_Problem to solve_
Pictures stay out, but every line of the data is copied exactly.

═══ Dataset excerpt

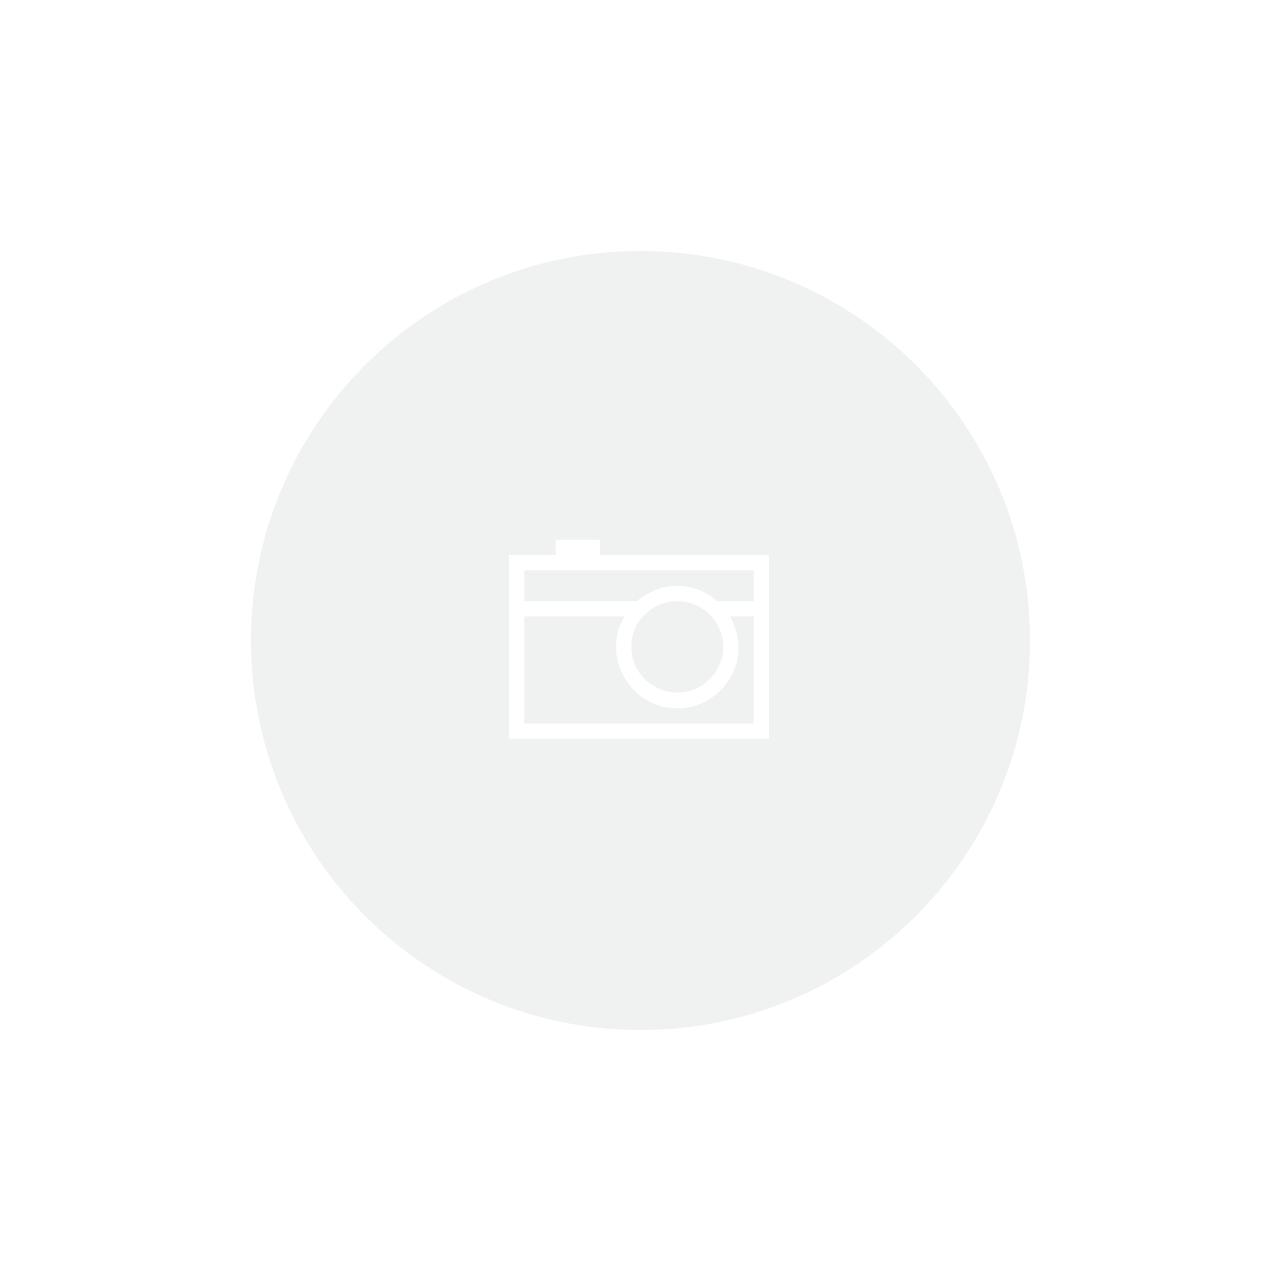 Conjunto de Taças 0,6 Litros 4 Peças Mixcolor Tramontina
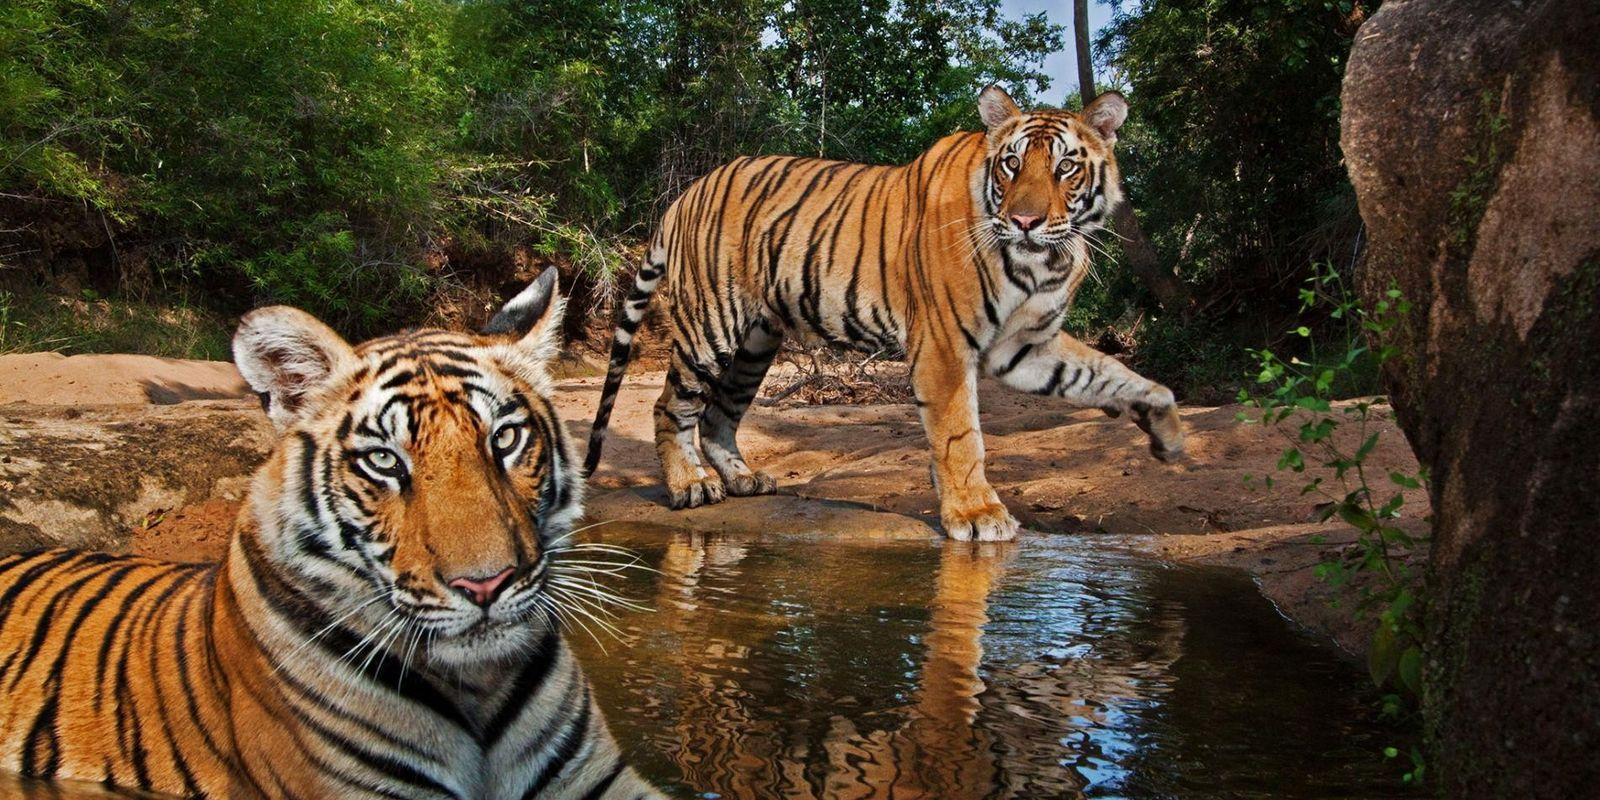 15 Bilder zeigen die Anmut und Kraft von Tigern
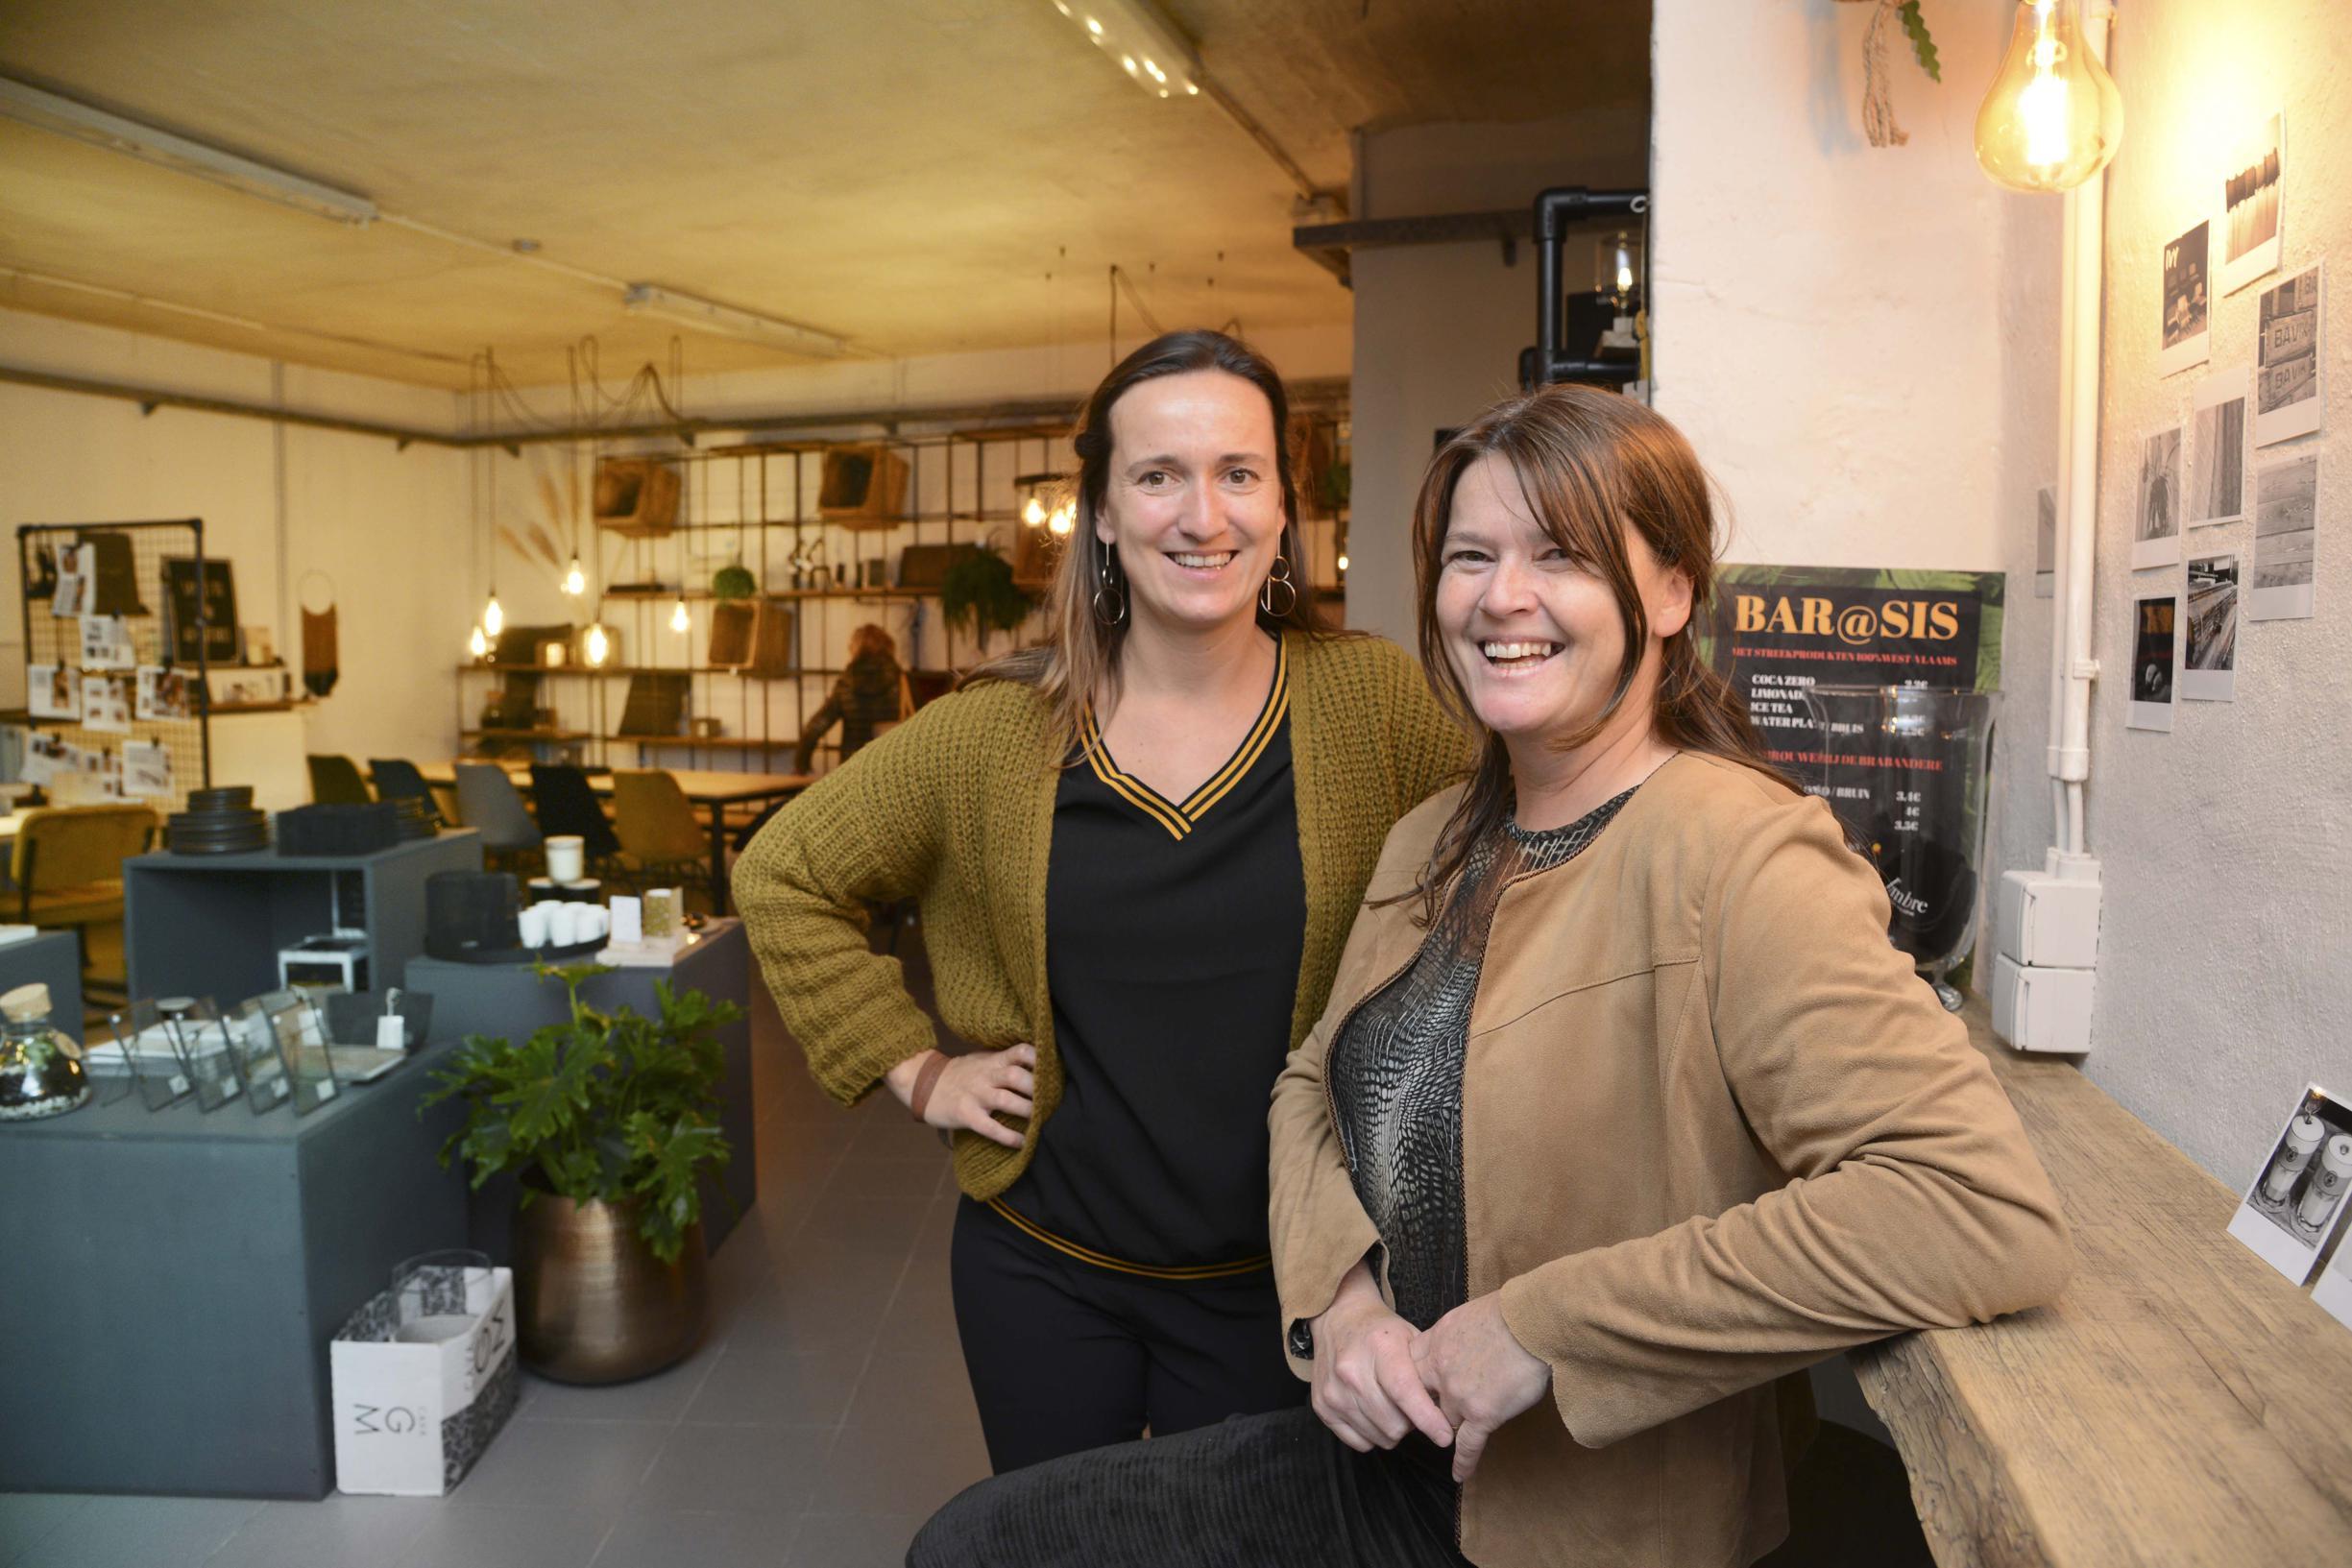 Zussen toveren kunstatelier om tot tijdelijke interieurbar (Torhout) - Het Nieuwsblad
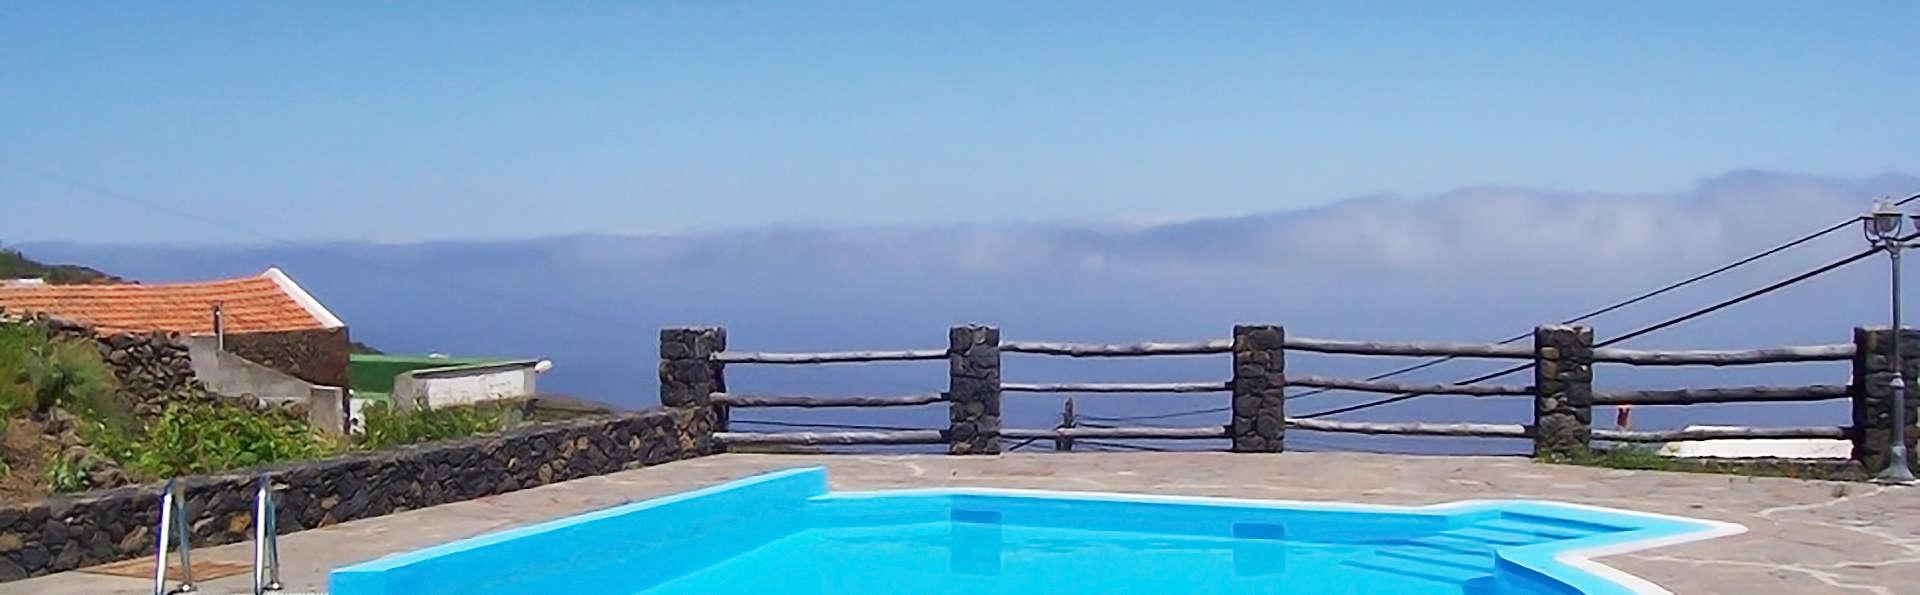 Escapada con desayuno e impresionantes vistas en Mocanal, El Hierro

══════

_Answer_
 Conjunto de Taças 0,6 Litros 4 Peças Mixcolor Tramontina
 15 Bilder zeigen die Anmut und Kraft von Tigern
 Zussen toveren kunstatelier om tot tijdelijke interieurbar (Torhout) - Het Nieuwsblad
 Escapada con desayuno e impresionantes vistas en Mocanal, El Hierro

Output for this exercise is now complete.